Le matin, le ciel est passablement gris. La journée doit s’améliorer. Pourtant un fort
risque d’orage subsiste. Des VZ de 3 à 3,5 m sont annoncées.
Il y a de très grandes étendues de nuages gris noir prêts à exploser. Les thermiques ne
sont pas faciles à trouver. Par contre, quand on les a centrés, ils sont très puissants et
vigoureux avec des bases à 3500m. Pendant ce vol, j’ai parcouru 85 km en prenant de
temps à autre quelques grosses gouttes d’eau, sans trouver de thermiques, et en
passant de 3500 m à 1800 m (150 m sol dans cette partie de la région) avant de
retrouver une ascendance de 0.8m/s qui évolue de 4,5m jusqu’à 3500m. Edi est avec
moi, mais il lui a manqué quelques mètres pour raccrocher. Je termine au 9ème rang
et c’est mon meilleur résultat journalier de cette compétition.
31 décembre
Le ciel est bleu et la météo prévoit une forte stabilité.
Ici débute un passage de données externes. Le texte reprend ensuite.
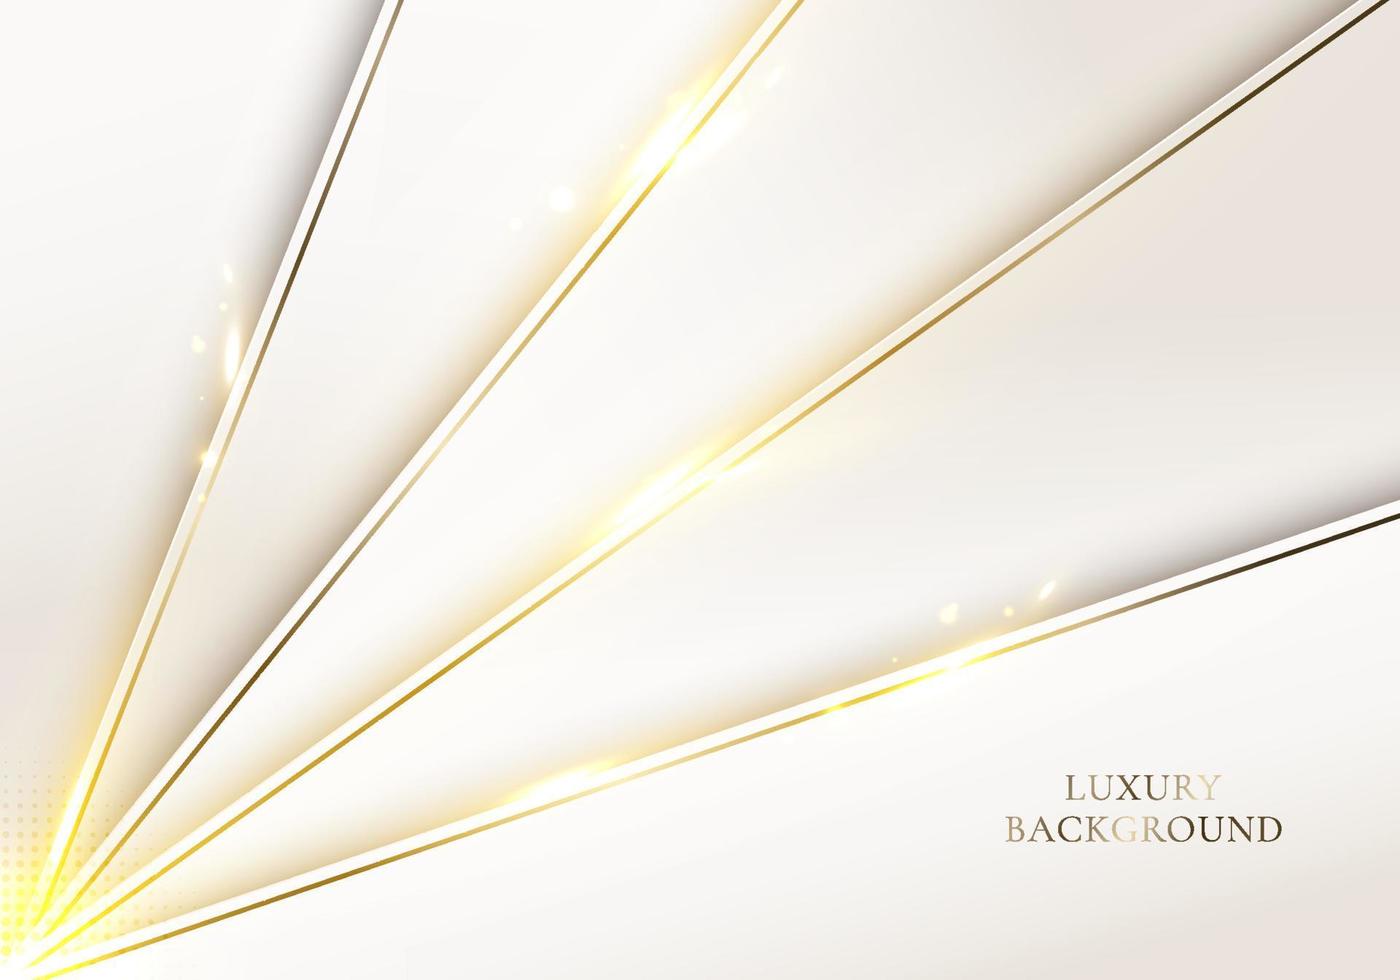 Diseño de plantilla de lujo moderno en 3d patrón de rayas diagonales blancas y luz de línea de brillo dorado que se enciende en un fondo limpio vector

Les libres sont remorqués et se
maintiennent en l’air avec difficulté pendant presque 2h avant que le chef de concours
Brian Spreckley neutralise la journée pour le plus grand bonheur des nouveaux
champions du monde que sont Laurent Aboulin (France) en Standard, Werner Meuser
(Allemagne) en 15 m et Brian Goudrian (Afrique du Sud) en grande plume.
Notre équipe suisse obtient les résultats suivants :
Grande plume :
15 m
Standard
Daniel Schmidt avec Keller
Ruedi Schild
Philippe Progin
Edi Inäbnit
10ème
14ème
20ème
27ème
Un grand merci à Pierre-Alain pour son aide précieuse et à vous tous pour votre soutien.